Robust and Calibrated Detection of Authentic Multimedia Content

Generative models can synthesize highly realistic content, so-called deepfakes, that are already being misused at scale to undermine digital media authenticity. Current deepfake detection methods are unreliable for two reasons: (i) distinguishing inauthentic content post-hoc is often impossible (e.g., with memorized samples), leading to an unbounded false positive rate (FPR); and (ii) detection lacks robustness, as adversaries can adapt to known detectors with near-perfect accuracy using minimal computational resources. To address these limitations, we propose a resynthesis framework to determine if a sample is authentic or if its authenticity can be plausibly denied. We make two key contributions focusing on the high-precision, low-recall setting against efficient (i.e., compute-restricted) adversaries. First, we demonstrate that our calibrated resynthesis method is the most reliable approach for verifying authentic samples while maintaining controllable, low FPRs. Second, we show that our method achieves adversarial robustness against efficient adversaries, whereas prior methods are easily evaded under identical compute budgets.

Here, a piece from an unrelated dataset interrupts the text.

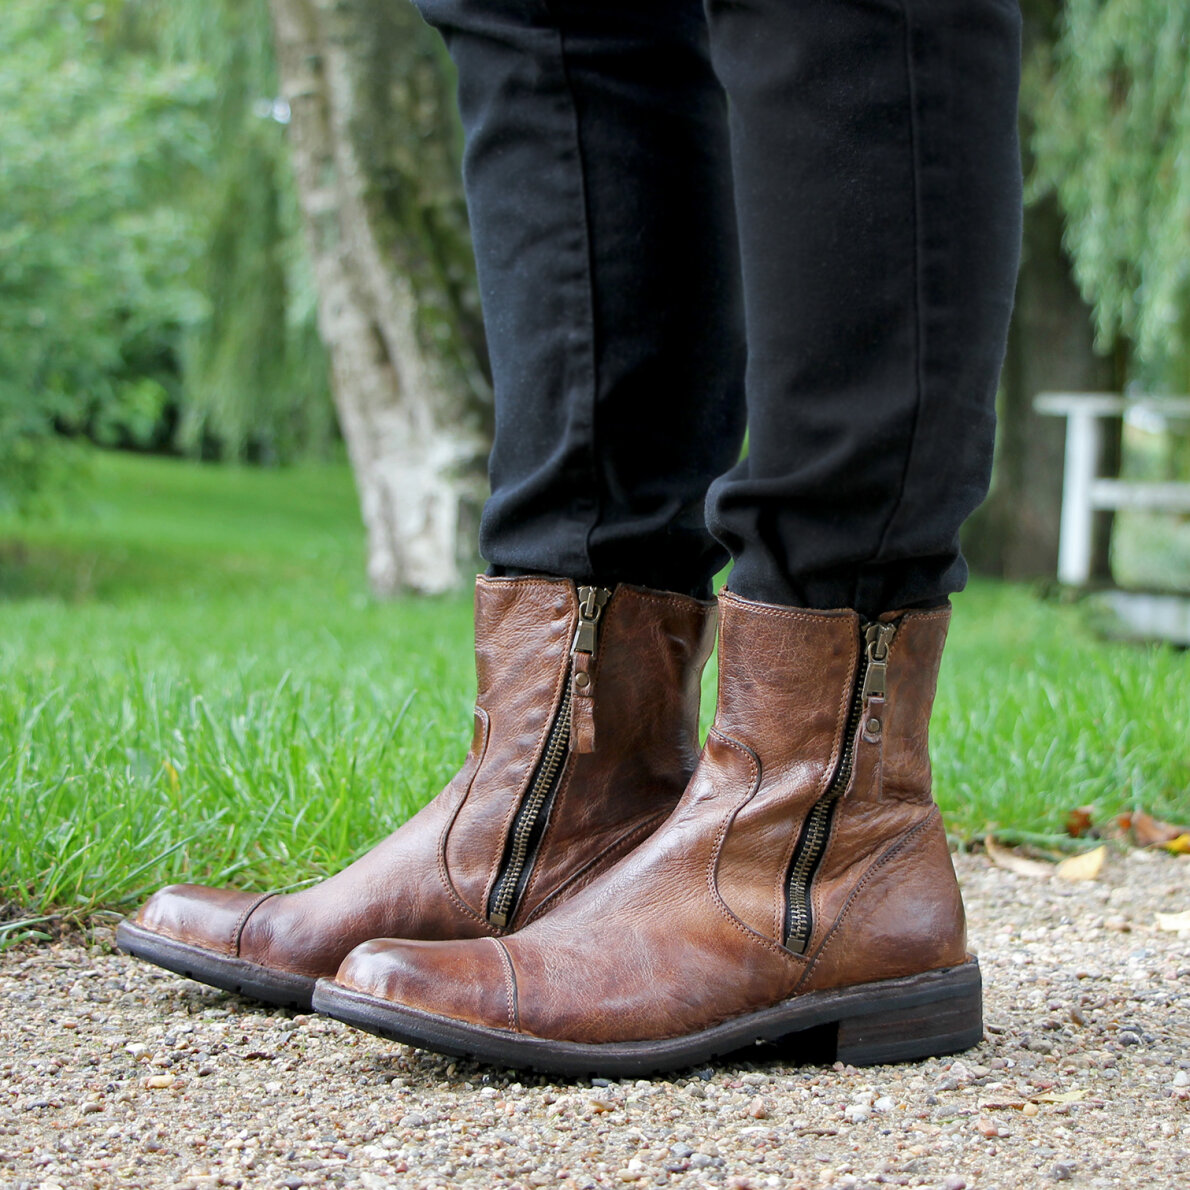 78884c90f91 ... Bubetti - Bubetti 6682 lys brun damestøvle i skind

Our approach supports multiple modalities and leverages state-of-the-art inversion techniques.

💡 Research Summary

The paper tackles two fundamental shortcomings of current deep‑fake detection: (i) post‑hoc verification often fails, leading to unbounded false‑positive rates, and (ii) adversaries can evade detectors with minimal computation. To overcome these issues, the authors propose a calibrated “authenticity index” (A‑index) based on the ability of state‑of‑the‑art generative models—particularly diffusion models—to resynthesize a given sample. The central premise is that if a modern generator can faithfully reproduce an image, its authenticity cannot be confidently asserted; such content is labeled “plausibly deniable.” Conversely, images that resist accurate resynthesis are deemed “authentic” with a controllable, low false‑positive rate.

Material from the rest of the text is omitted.